Текло время, гора оберегала долину влюбленных и ристалище, давала приют пастухам и дровосекам, охотникам и плотогонам, дарила камень для построек и железо для выплавки. Многие сотни лет она бесстрастно взирала на мир и не вмешалась, когда на скале впервые вспыхнул летний костер. Она видела, как тупые, короткие щупальцы города ползут вширь, через древние стены, видела, как охотники забросили арбалеты и обзавелись ружьями. Столетия сменяли друг друга, точно времена года, а годы были точно часы.
И гора не огорчилась, когда однажды в долгой череде лет на площадке утеса не вспыхнул алый костер. Ее не тревожило, что с той стороны он уж никогда больше не загорался, что с течением времени долина ристалищ опустела и тропинки заросли подорожником и чертополохом. Не заботило ее и то, что в долгой веренице столетий обвал изменил ее форму и обратил в руины половину Фальдума. Она не смотрела вниз, не замечала, что разрушенный город так и не отстроился вновь.

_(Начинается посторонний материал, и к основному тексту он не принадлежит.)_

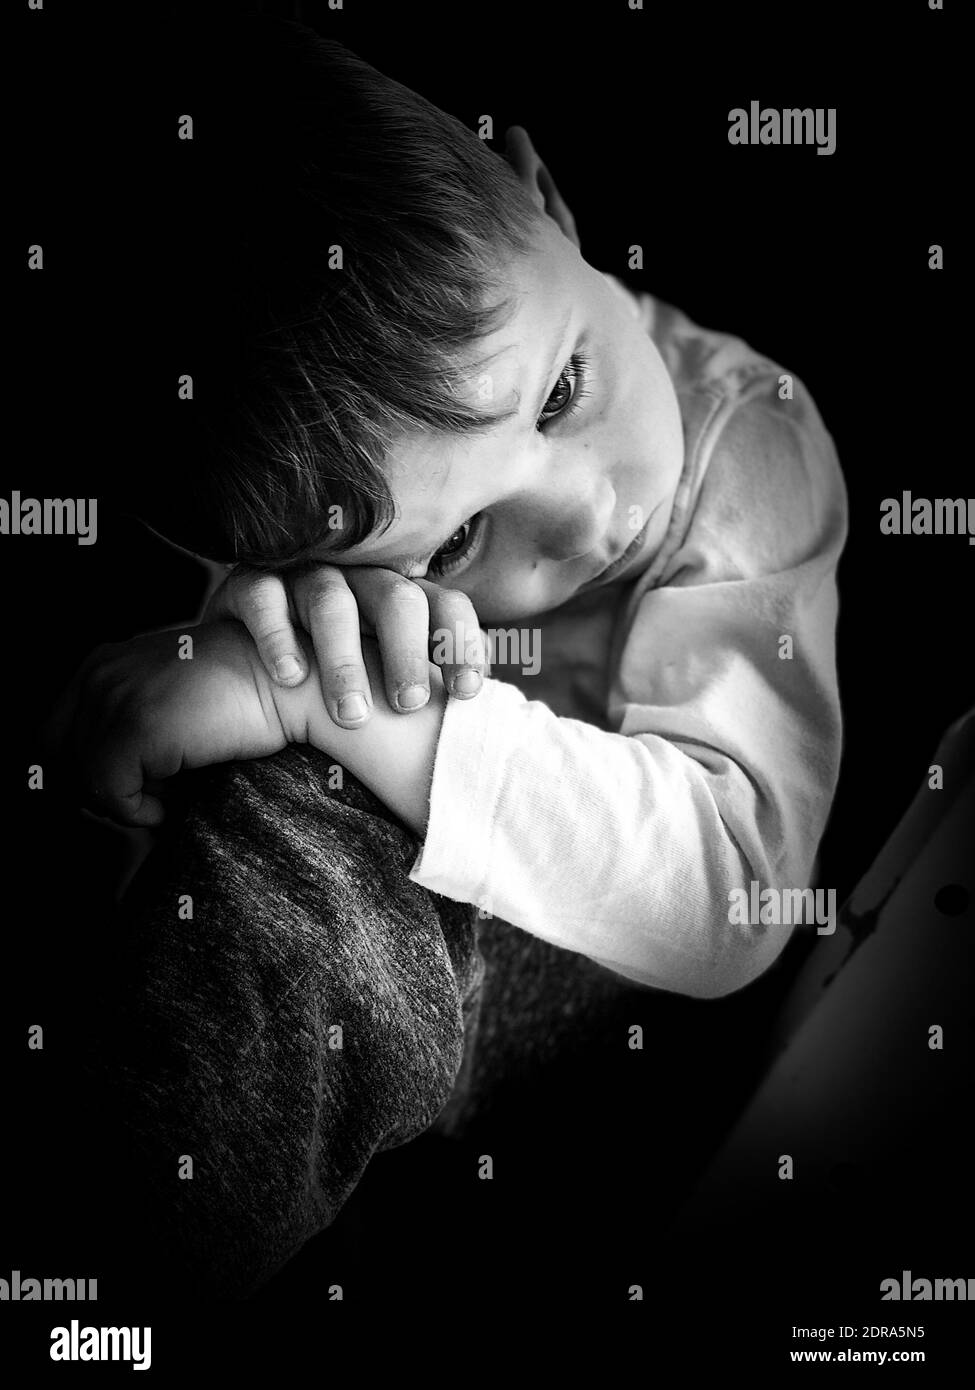 Close-up Of Sad Boy Looking Away While Relaxing Against Black Background  Stock Photo - Alamy
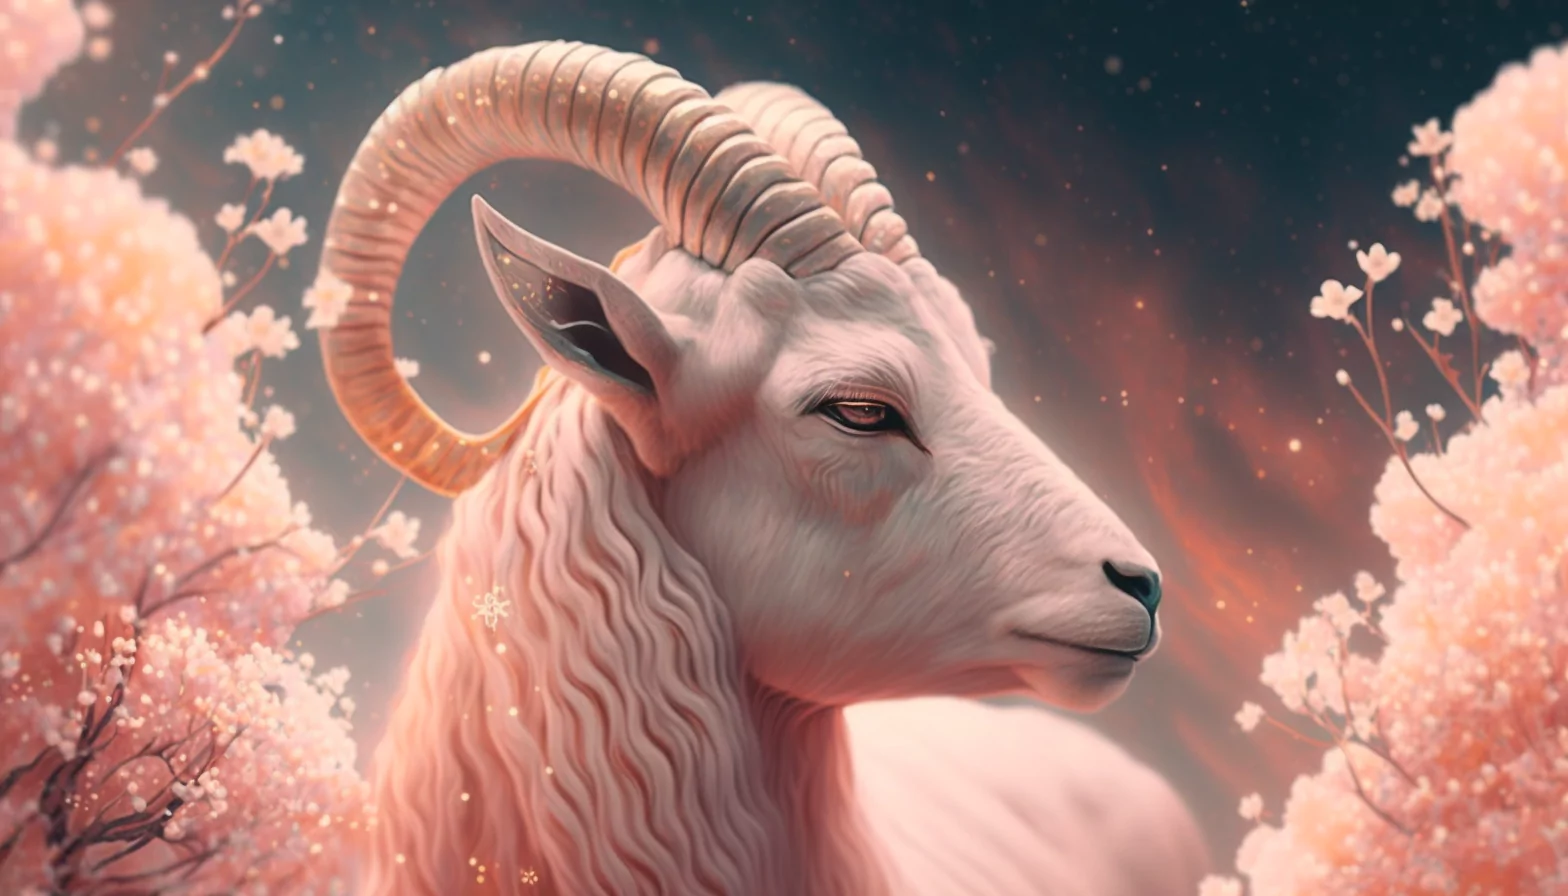 Aries Season: Ignite Your Inner Fire and Take Charge

Все это было горе безразлично. Мало-помалу ее начало интересовать другое. Время шло, и гора состарилась. Солнце, как прежде, свершало свой путь по небесам, звезды отражались в блеклом глетчере, но гора смотрела на них по-иному, она уже не ощущала себя их ровней. И солнце, и звезды стали ей не важны. Важно было то, что происходило с самою горой и в ее недрах. Она чувствовала, как в глубине скал и пещер вершится неподвластная ее воле работа, как прочный камень крошится и выветривается слой за слоем, как все глубже вгрызаются в ее плоть ручьи и водопады. Исчезли льды, возникли озера, лес обернулся каменной пустошью, а луга — черными болотами, далеко протянулись морены и следы камнепадов, а окрестные земли притихли и словно обуглились. Гора все больше уходила в себя. Ни солнце, ни созвездья ей не ровня. Ровня ей ветер и снег, вода и лед. Ровня ей то, что мнится вечным и все-таки медленно исчезает, медленно обращается в прах.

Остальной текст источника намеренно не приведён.